Summary: A piece of alien tech causes the Torchwood team to dream of the lives that they could have had.
Disclaimer: I do not own Torchwood, it belongs to the BBC.
A/N: Many, many thanks to my wonderful betas
jadesfire2808 and
miss_zedem, who never let me get away with anything.
Many thanks to
laurab1 for making this gorgeous piece of artwork for me.
On a deserted Cardiff back street, a small patch of air glowed white. It hesitated for a moment, then spat a round lump out into the evening drizzle. As if offended by the weather, the light disappeared as swiftly as it had arrived.
* * *
"The tracker says that there's traces of Rift energy somewhere around here." Through the rain, Jack could see Tosh as she fiddled with the scanner for a moment, evidently hoping to get more definition out of it. "It's somewhere within a three-metre radius.

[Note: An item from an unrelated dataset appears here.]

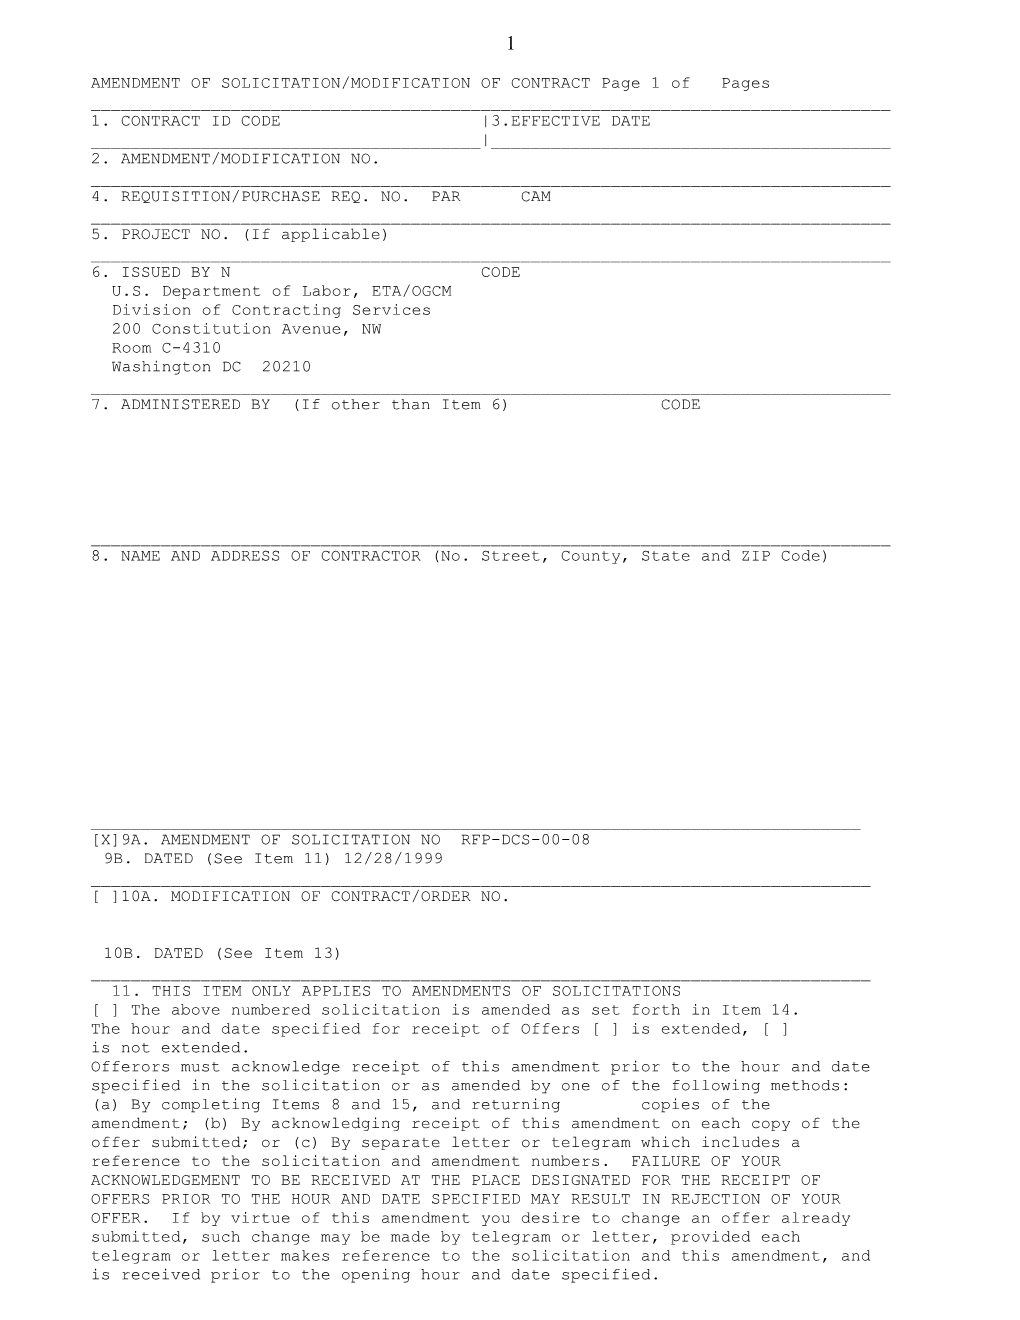 AMENDMENT of SOLICITATION/MODIFICATION of CONTRACT Page 1 of Pages

Sorry, guys."
"It's great, Tosh. I know you're still fine-tuning that thing," Jack reassured her. "At least it's fairly flat around here. No need to check whether it landed on a - window sill, or something." Jack shied away at the last moment from mentioning roofs. No need to bring that ill-fated search back to Tosh and Ianto's memories. From the ironic look that Ianto gave him, the other man had caught the substitution, but Jack doubted he'd mention it.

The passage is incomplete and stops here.